BELLA PRESSED HER fingers to the front door and waited, barely breathing, listening to the sound of Noah’s footsteps on the porch outside.
Was he going away? Please, let him be going away.
Sure enough, the footsteps receded, but it wasn’t until they’d finally faded that she let out the breath she’d been holding.
“Idiot,” she muttered. “Idiot, idiot, idiot.”
Her heart thumped from the shock of seeing him and she still felt the heavy weight of his coat around her shoulders, warm from his body and smelling of wood smoke and cedar, a masculine scent that had made her mouth go dry.
Still felt the pull, the longing that she’d thought was a product of her overactive teenage hormones, that she’d felt whenever he was around. Whenever his dark eyes had met hers.
She’d always wished he’d smile at her, but he never had.
He hadn’t now. In fact, the only reason he was here at all was because Lila had asked him to come check on her.
Did you want him to be here for you?
Bella snorted and pushed herself away from the door. She didn’t need anyone. She never had. And now he was gone, she never had to think of him again.
Bella turned, taking a look around the narrow hallway.
She only had vague memories of this house, but she remembered it feeling a lot more welcoming than it did now. Though that might have been to do with her grandmother.

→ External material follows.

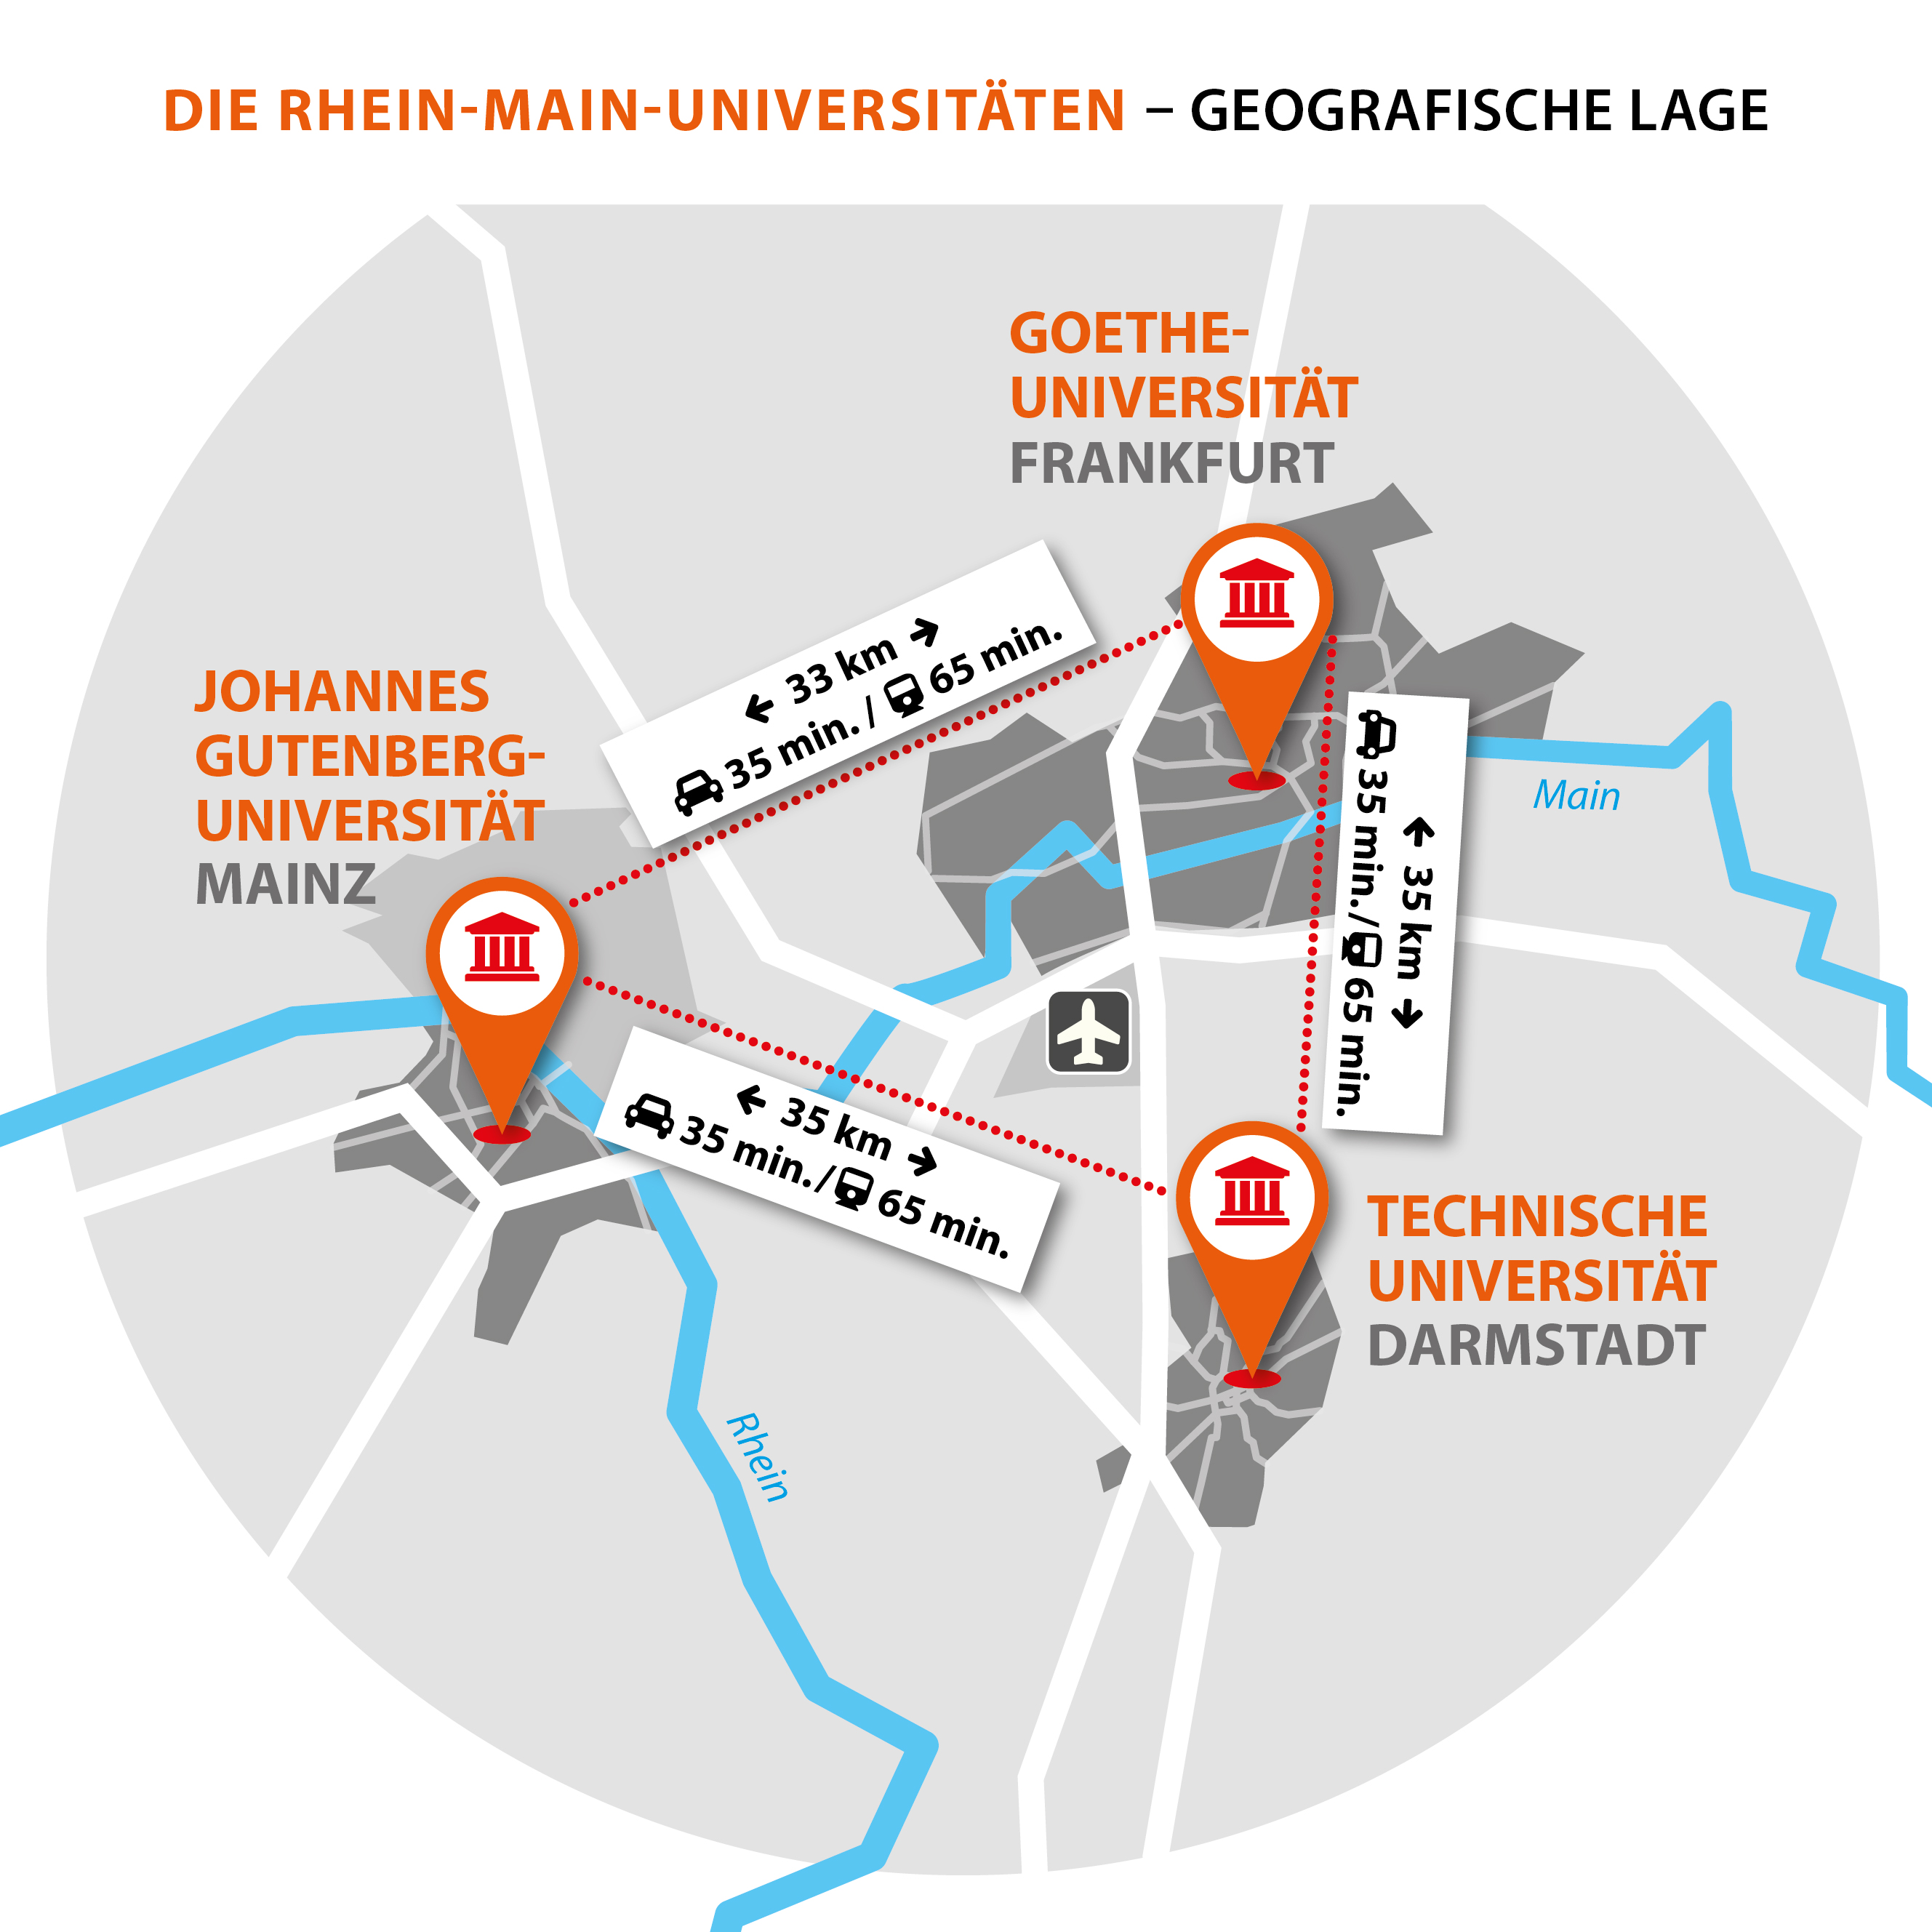 Die Rhein-Main-Universitäten - Darstellung der Entfernungen zwischen den Universitäten

A funny pain lodged in her chest at the thought of Grandma June. She hadn’t had a lot to do with her grandmother, but the few memories she did have were of a gnarled but warm hand enveloping her smaller one and a pair of kindly blue eyes. And a smile that made her feel like she was standing in a beam of sunlight.
Bella couldn’t say she missed her grandmother, not when she’d never really had her, but the thought that Grandma June was gone made her eyes prickle. Her mother hadn’t cried when she’d told Bella the news and made certain Bella knew that she wasn’t going back for the funeral. So Bella hadn’t gone to the funeral, either, though why she couldn’t exactly say.

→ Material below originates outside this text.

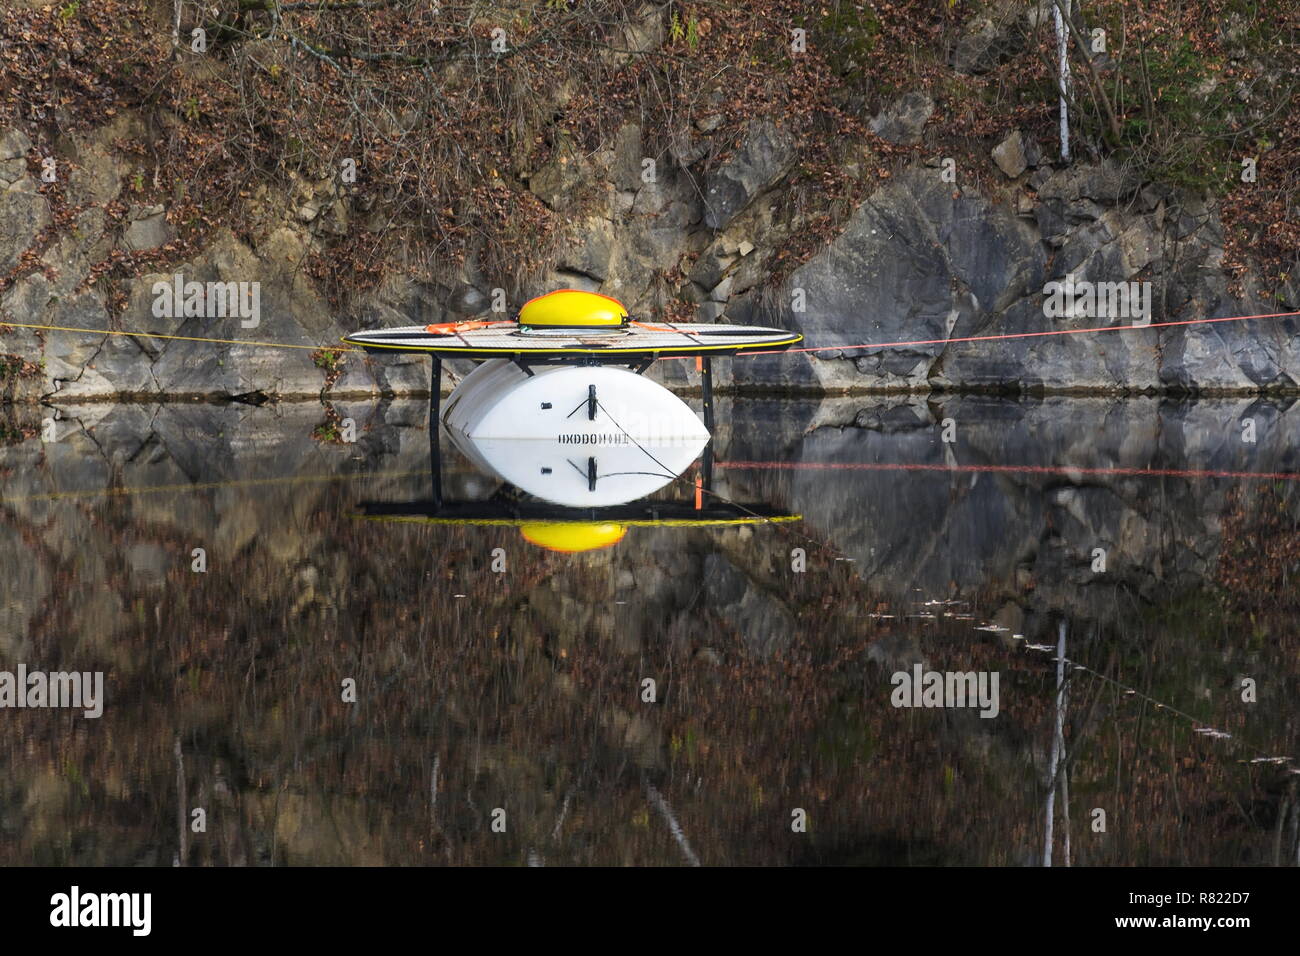 Laboratoire de recherche sous l'Hydronaut et station de formation pour la simulation de missions spatiales flottant sur la surface de l'eau, carrière, Jesenny Czech Republ Banque D'Images

She’d told herself it was for solidarity with her mother—Avery had never gotten on with Grandma June—but she was afraid it was more because she didn’t want to step back into the past here.

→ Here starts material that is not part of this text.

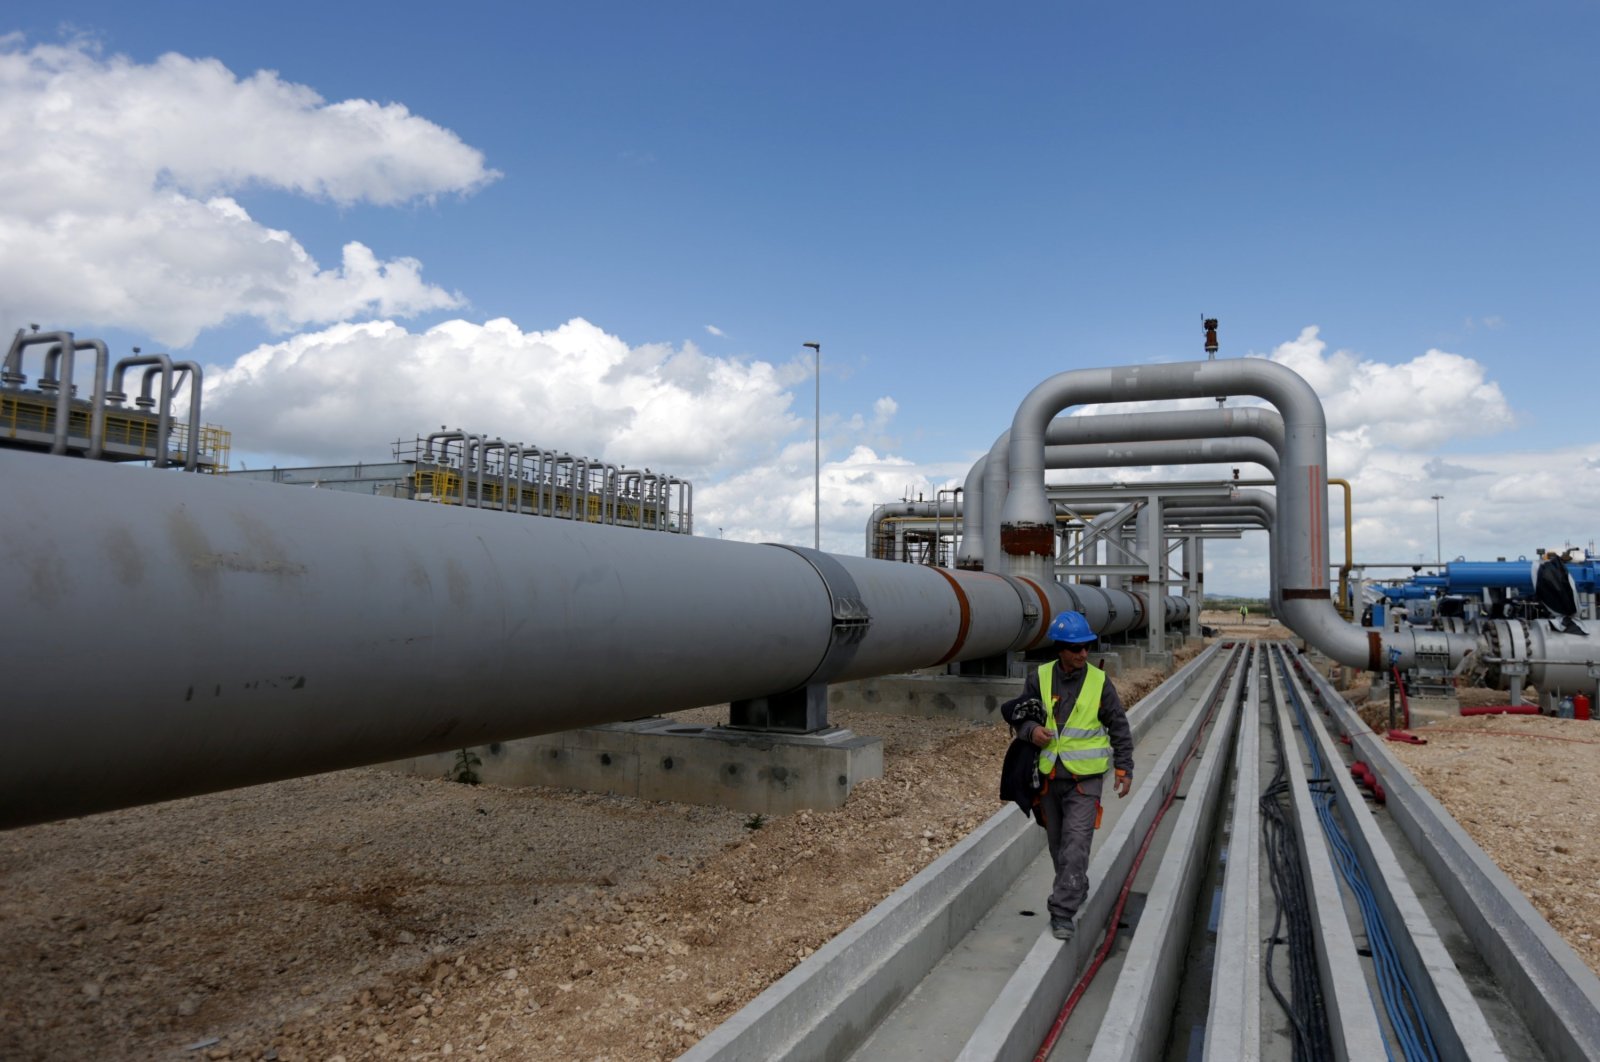 Turki dapat meningkatkan peran untuk membantu kemacetan gas alam UE

Jasper Creek hadn’t been a place of happy memories.
Coming cautiously into the kitchen, Bella fumbled again for the light switch and found it this time. The darkness fled, revealing a worn and old-fashioned kitchen, with green painted cupboards both above and below the counter, and an ancient woodstove up against one wall. A large window with a sink beneath it looked out over the front yard. With night descending hard, the glass was a big square of black, making everything feel depressing and cold.
Not what she remembered of this particular room. Her memories of the farmhouse might be vague, but the kitchen had always been special, with an atmosphere of warmth and togetherness. Her grandma standing at the stove cooking, talking or humming, delicious scents filling the room.
Food, good company and that nurturing atmosphere had always made Bella happy. Made her feel connected to people even when she wasn’t. It was what had made her decide on her dream of opening her own café, because even though she couldn’t cook, she loved the thought of providing people with a place like Grandma June’s kitchen.
A place for lonely people to reconnect.
Right now, though, Grandma June’s kitchen looked like a place where teenagers in horror movies were murdered by serial killers.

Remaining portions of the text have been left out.